In a recent study, researchers from Harvard and the University of Washington attempted to map the development of something called emotion differentiation, which is the ability to know and accurately label distinct emotions in yourself. This is a sign of good mental health, as those with high emotion differentiation tend to use effective coping strategies in difficult situations instead of turning to alternatives like alcohol or aggression.
The study asked participants ages 5 to 25 to look at a series of unpleasant images, such as a baby crying, and rate how much they felt five negative emotions: angry, disgusted, sad, scared, and upset. Their scores were analyzed to see how often they experienced a certain emotion independently from the other four emotions.
Ultimately, the researchers found that adolescents tended to experience many emotions simultaneously, but they differentiated them poorly. In other words, a teenager might consistently feel angry and sad together, indicating that it is difficult for them to distinguish between the two.
“It’s possible that increases in co-experienced emotions make it more difficult for teens to differentiate and regulate their emotions, potentially contributing to risk of mental illness,” explains lead author Erik Nook. Adolescence is “a period of more murkiness in what emotions one is feeling.”

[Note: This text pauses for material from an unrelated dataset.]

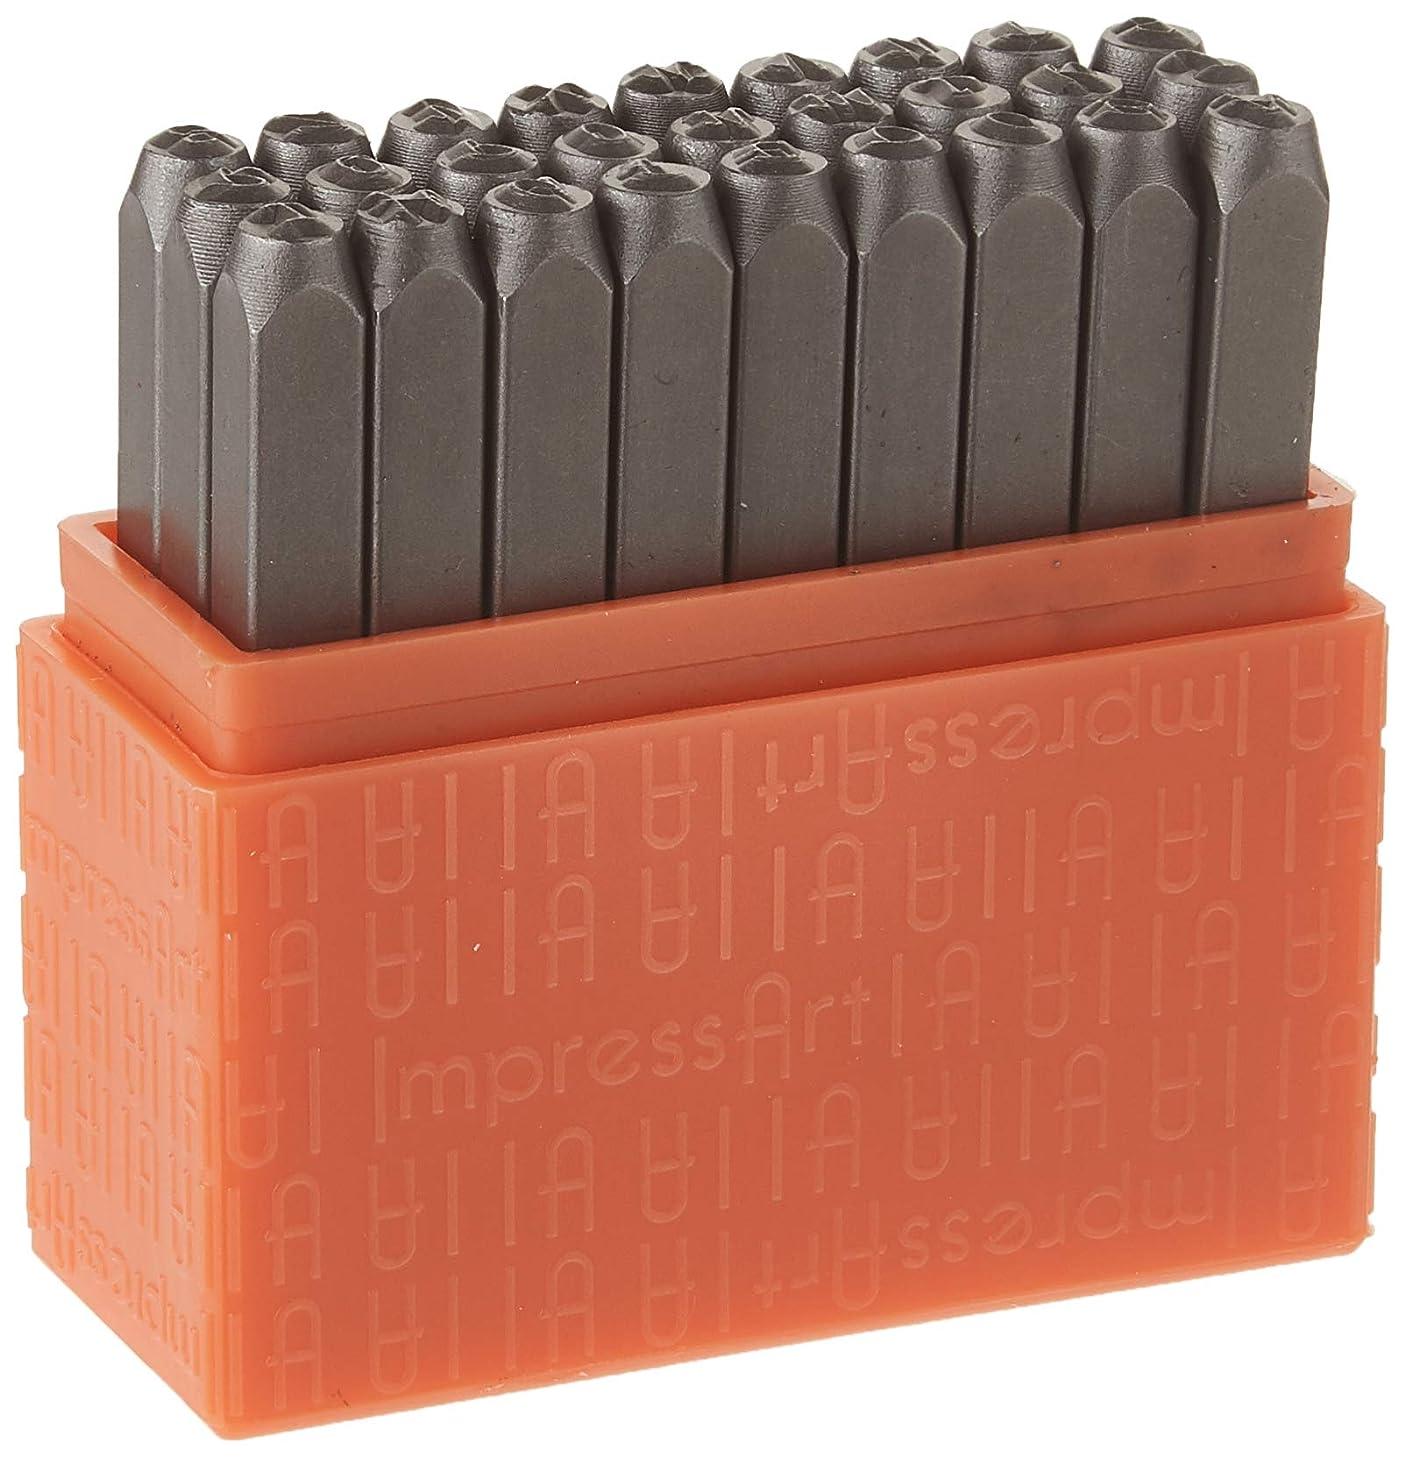 ImpressArt Uppercase Basic Bridgette Metal Letter Stamp Set, Steel Alphabet Punches for Metal Stamping

I can relate as I think back to my first school dance, which was filled with excitement at the thought of scoring a dance with my crush and intense anxiety about having to show off my dance moves in front of all my friends. The result was an emotional melting pot that might help to explain why those dance moves turned out so awkward.
The researchers found that children had higher emotion differentiation than teens—but not necessarily because their emotional awareness was more evolved. Instead, they tended to only experience one emotion at a time. When my four-year-old is mad, he knows it and so does everyone else!
Adults, on the other hand, had higher emotion differentiation than adolescents—but not because they were only experiencing one emotion at a time. Adults also experienced many emotions simultaneously, but they seemed to have gotten better at distinguishing between them. So when my four-year-old gets mad and I start to feel both sad and frustrated, I can recognize that I feel sad because my son is upset but frustrated because I just want him to put his shoes on!
If the skill of differentiating emotions is so important, can teenagers get better at it, or do they just have to accept the old adage that “you’ll understand when you’re older”?
One strategy that has shown some promise in helping young people to manage their emotions is to directly teach self-regulation. As evidence continues to come out showing that self-control provides immense benefits, researchers have found that learning to manage distress and foster empathy can help adolescents to improve their self-regulation skills.
Another recent study, albeit conducted among adults, suggests that emotion differentiation can be enhanced through the practice of mindfulness. The process of bringing attention to one’s inner mental state without judgment seems to help people distinctly label emotions they are experiencing. These promising results indicate that practicing mindfulness might be an avenue worth pursuing for teenagers—or any of us who struggle with the rollercoaster of emotions.